The Effects of Lateral Inhibition
on Pattern Recognition in a Neural Network

A Report produced as the result
of independant study

by Jim Lesko

2 June 1997


Full Report | Software | Raw Data | Charts & Tables | Java Demo | Home
The purpose of this project was to determine if a biologically motivated visual filtering system, in this case that of the Limulus polyphemus, has any effect on pattern recognition in an artificial neural network. The first part of the project consisted of creating and refining a model of the Limulus eye, and the creation of suitable data and training a neural net on that data was the second part. Some difficulties arose during the project; the biggest being that the original neural net code could simply not handle the volume of data that needed processing. Different software was found, namely NevProp, a package produced at the University of Nevada. The Limulus - style filter had an effect on the accuracy reached by each of the three primary training sets - in two cases the effect was to increase accuracy, while in the last, accuracy was decreased. Several tests were run to test the generalization capabilities of NevProp as well.

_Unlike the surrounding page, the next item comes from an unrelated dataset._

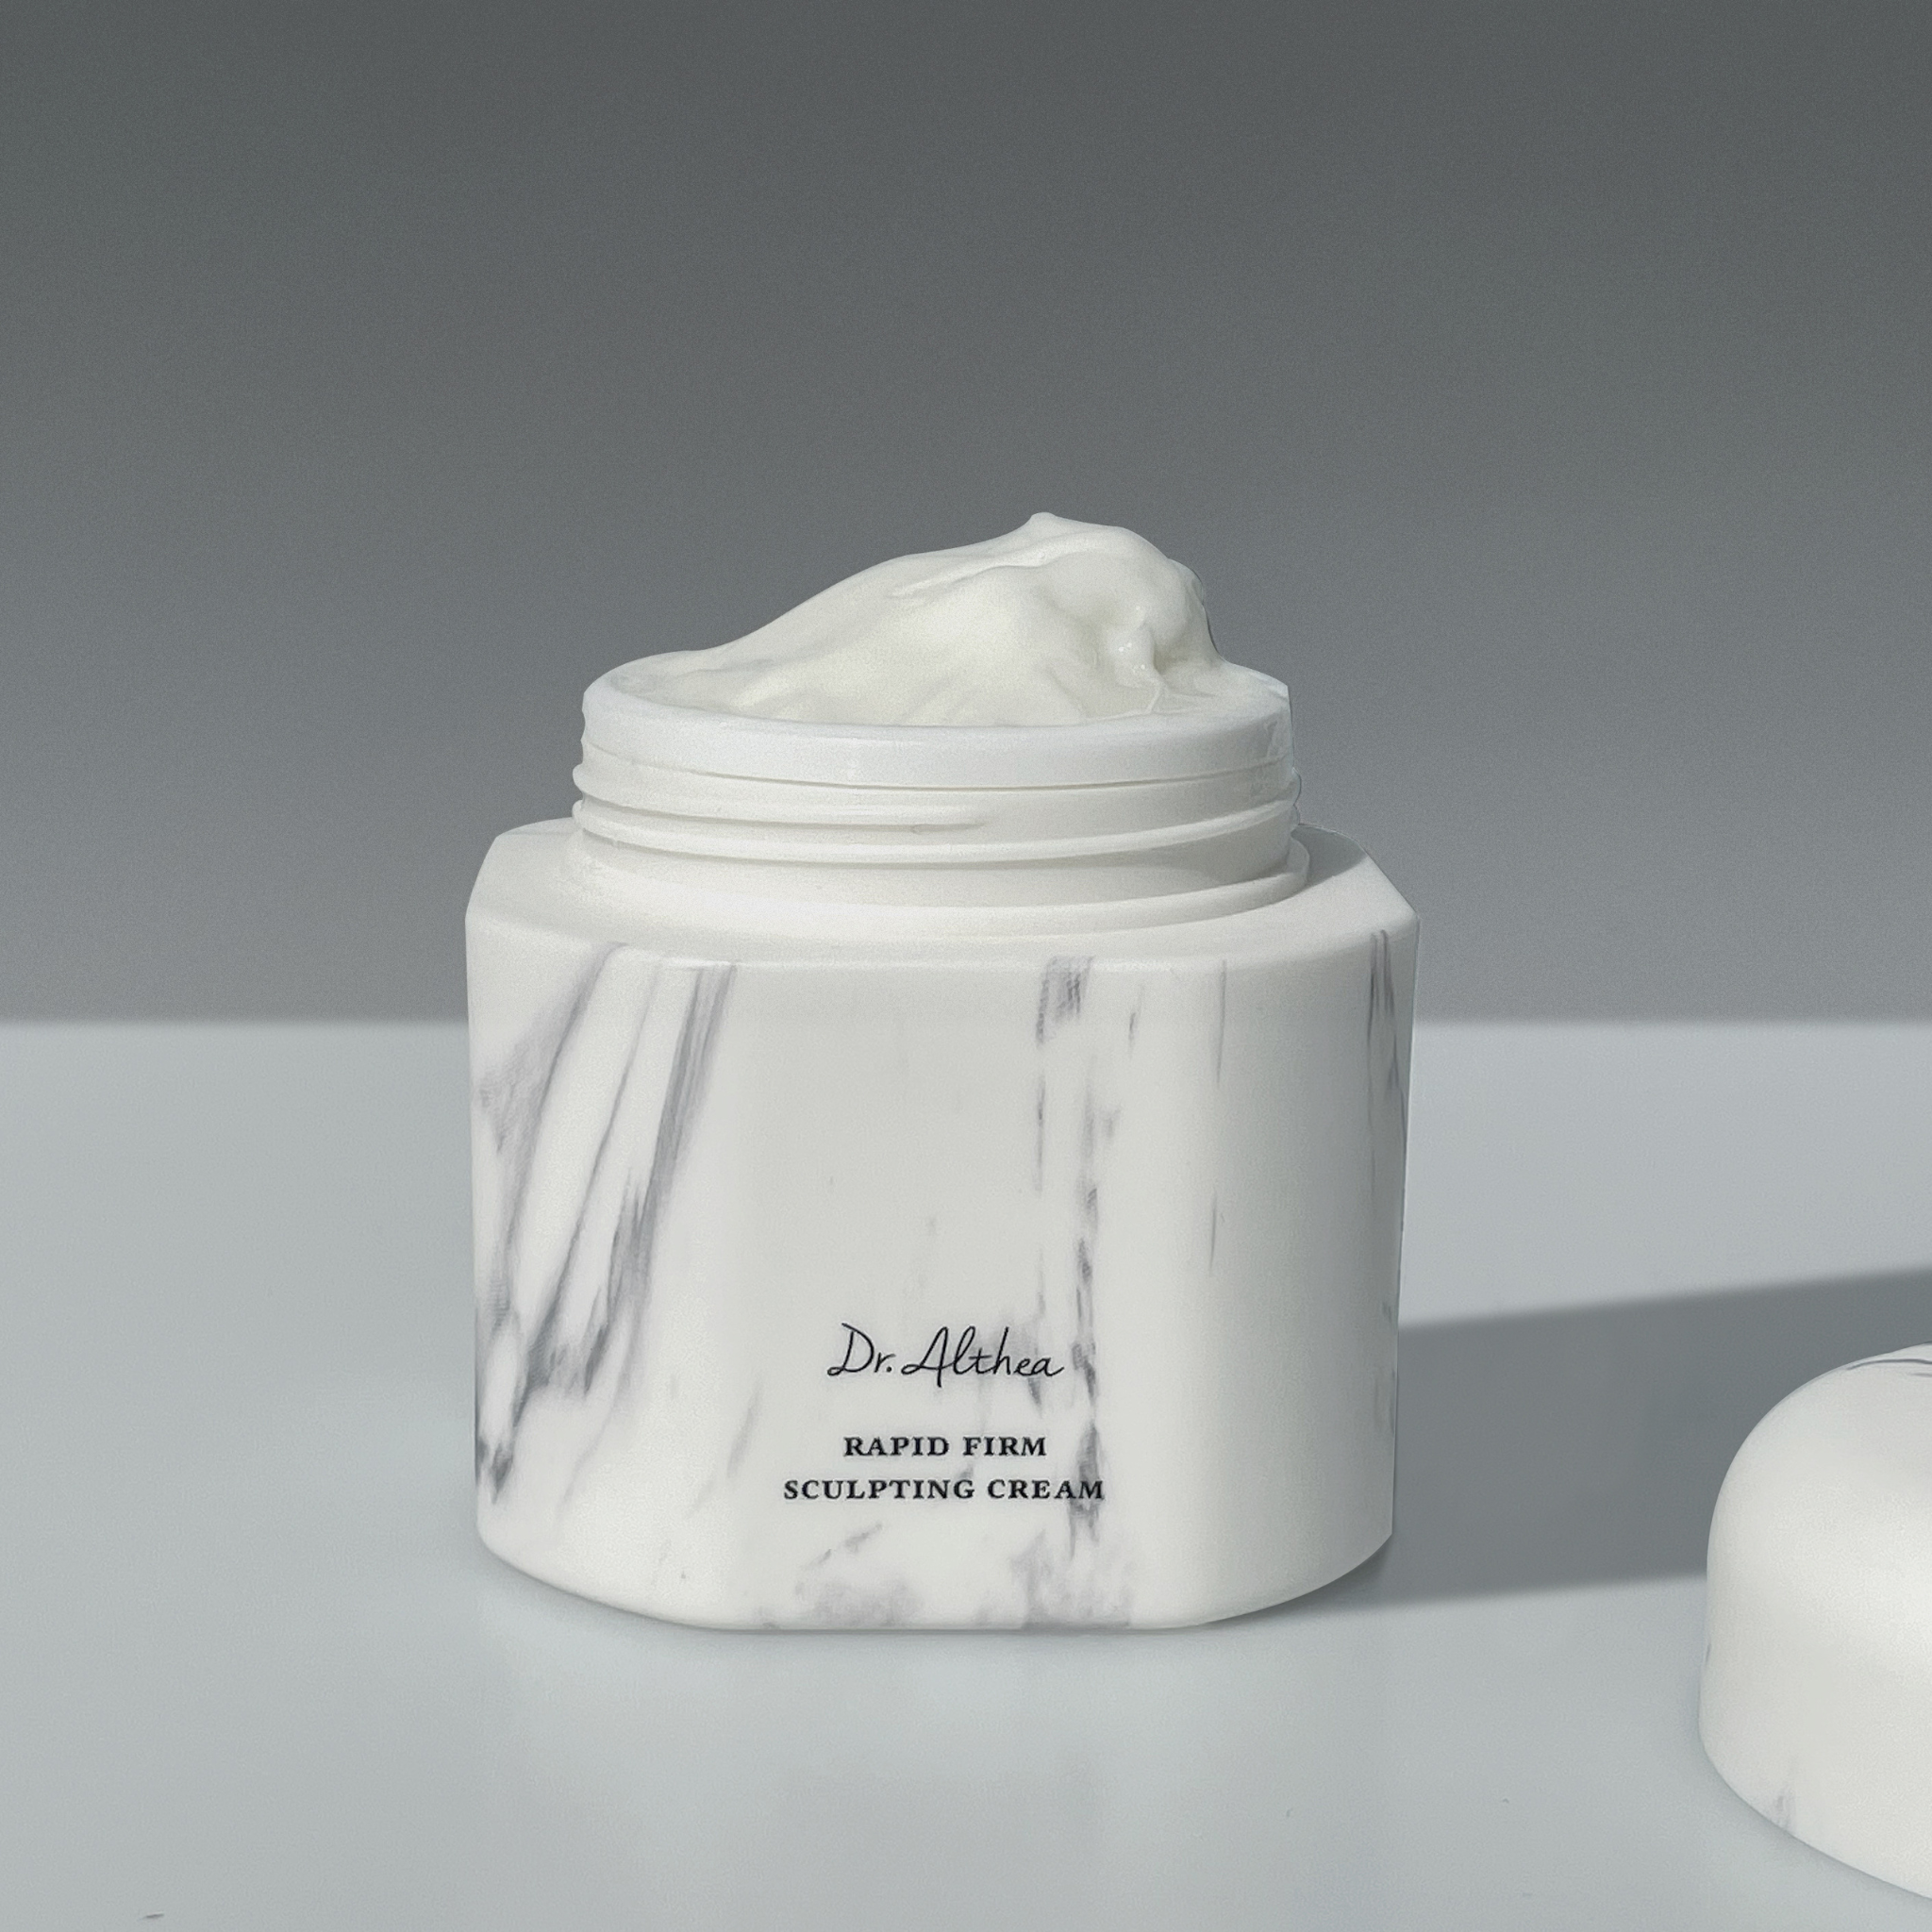 DR. ALTHEA Rapid Firm Sculpting Cream (45ml) - inside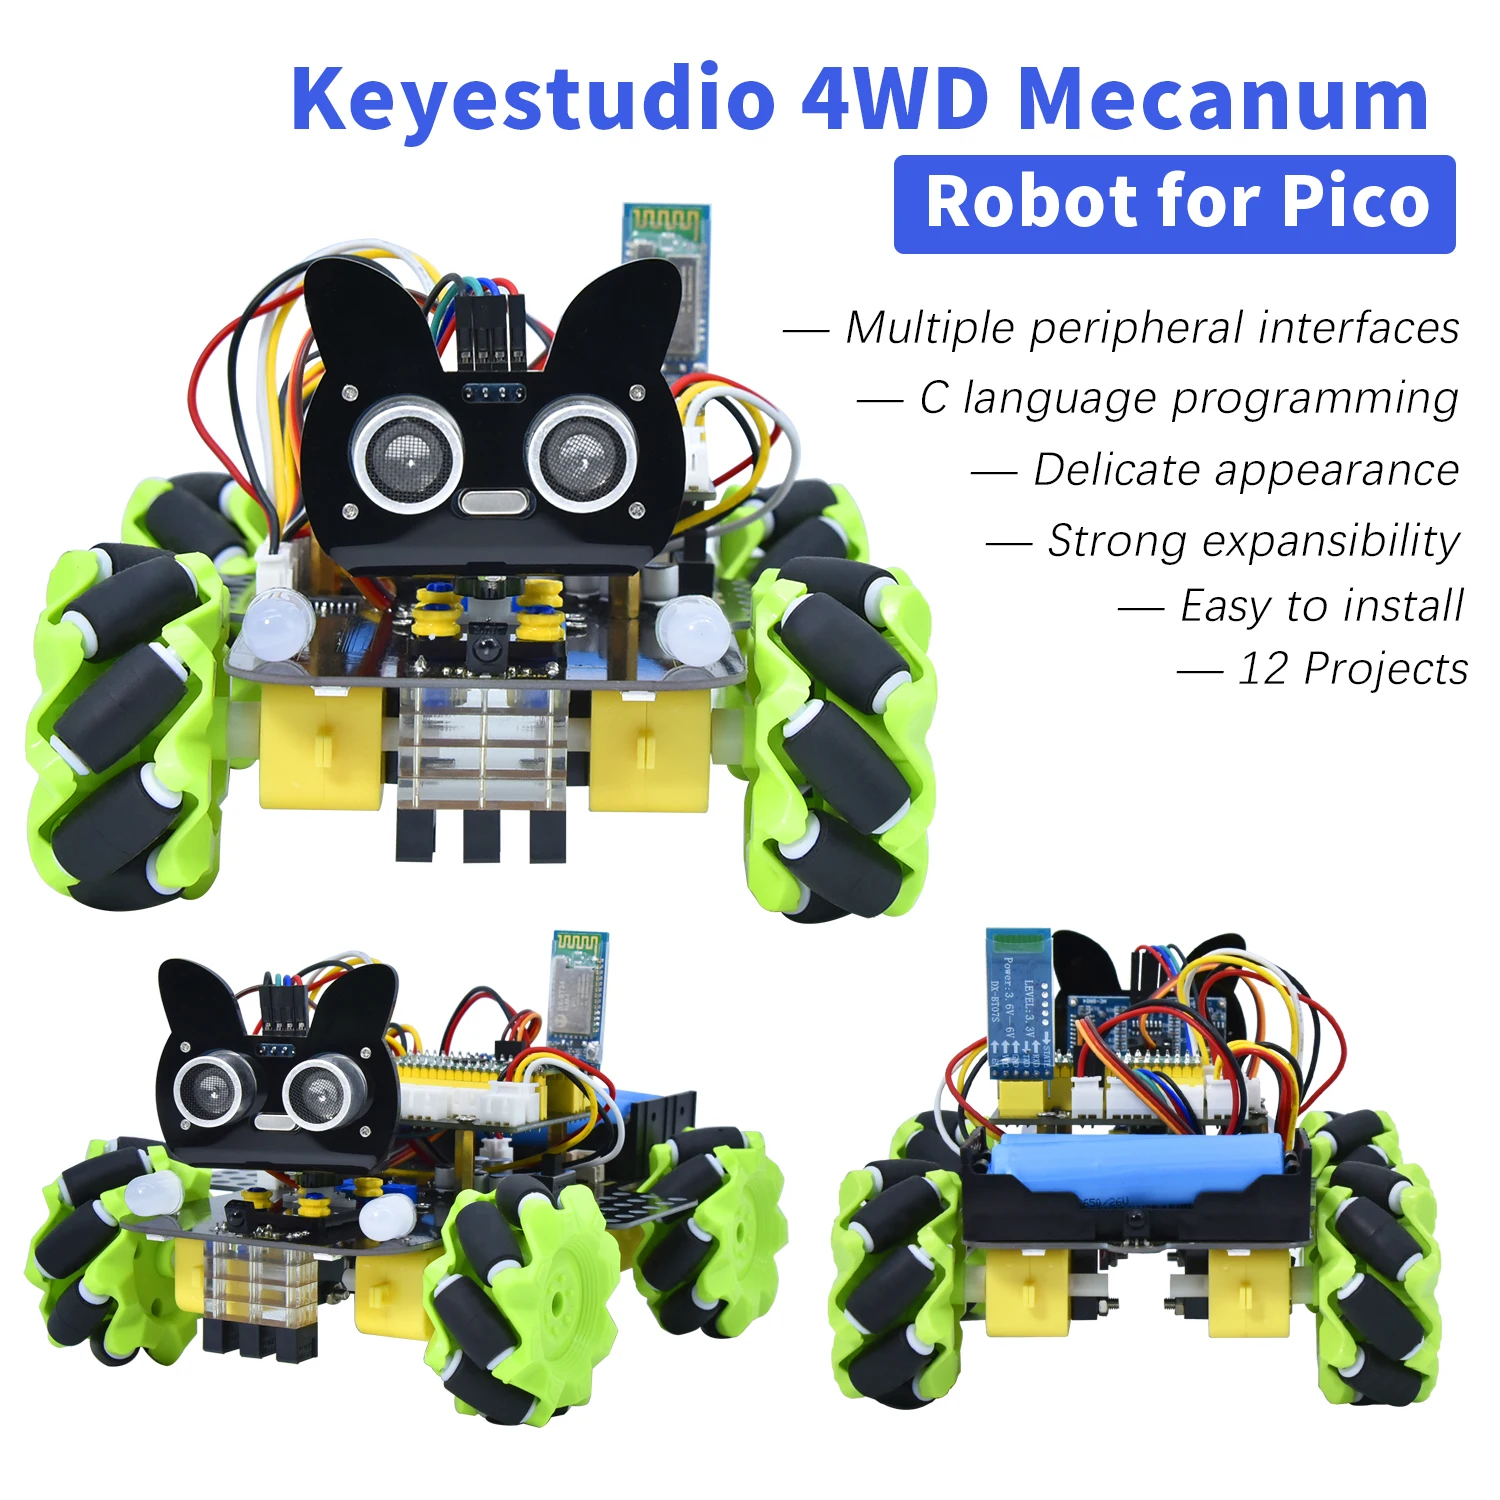 Keyestudio 4WD Mecanum Robot Raspberry Pi Pico Starter Kit For Raspberry Pi Pico Support Python&Arduino Programming

The very first thing that was done to model the Limulus eye was to take pre-existing software and change it from a 1D model to a 2D model. A 20 x 20 matrix of "cells" was chosen for the "retina" -- an arbitrary choice, but one that allowed flexibility while keeping the total number of cells at a reasonable level. The model itself acted on the inputs by utilizing lateral inhibition - all cells in the matrix are connected to the entire set of cells and inhibit the firing rate of those cells. The effect of the inhibition in the Limulus eye has been shown to follow a decaying exponential, and that is what this model used. The model allows the user to modify the maximum inhibition and the length constant (the distance at which the inhibition is at 1/3 its maximum) of inhibition. In addition, the model allows the user to set contrast levels, noise rate and maximum level, and offset of the stimulus. For this project, the more realistic delta rule was rejected in favor of a one-step model. Differences do exist between the two sets of results, but the delta rule model takes roughly ten times longer to reach its results.

Eleven stimuli were chosen: 8 letters and 3 shapes. The letters used were the first 8 of the alphabet; coincidentally, these 8 letters form 4 orthographically similar pairs (A/H, B/D, C/G, E/F). A triangle and two different squares were used to round out the stumuli. The strokes of each letter were only 1 pixel wide, and so the thicker shapes were added to increase the generality of the simulation.

The parameters of the Limulus model were as follows: Each cell could fire at a rate between 0 and 100 (inclusive). For the data marked Filtered (1) or just Filtered, a maximum inhibition of .3 and a length constant of 2 was used; for Filtered (2) data, a maximum inhibition of .2 was used in conjunction with a length constant of 4. High contrast data was assumed to project the stimulus at a rate of 100 against a background of 0 -- here, the equivalent of a black letter on white. Low contrast data had a stimulus of 100 on a background of 50 (black on gray). Medium contrast used a 100-level stimulus against a background of 20 (black on light gray). Noisy data was calculated as follows: low noise consisted of each cell having a 50% chance of having a firing rate of 0-50 (in 6 discrete steps; noise was non-continuous); high noise was created by giving each cell a 100% chance of having a firing rate of 0-100 (again, non-continuous). The stimulus was set at 100 for each of the noisy simulations. It should be noted that the noise was completely (pseudo-) random for each stimulus; no stimulus had exactly the same noise. The offset datasets simply contained 100-rate stimuli against a background of 0, but moved towards a corner by 3-6 cells in the horizontal and vertical. Most, but not all, stimuli in the offset group were moved by 4 along each axis.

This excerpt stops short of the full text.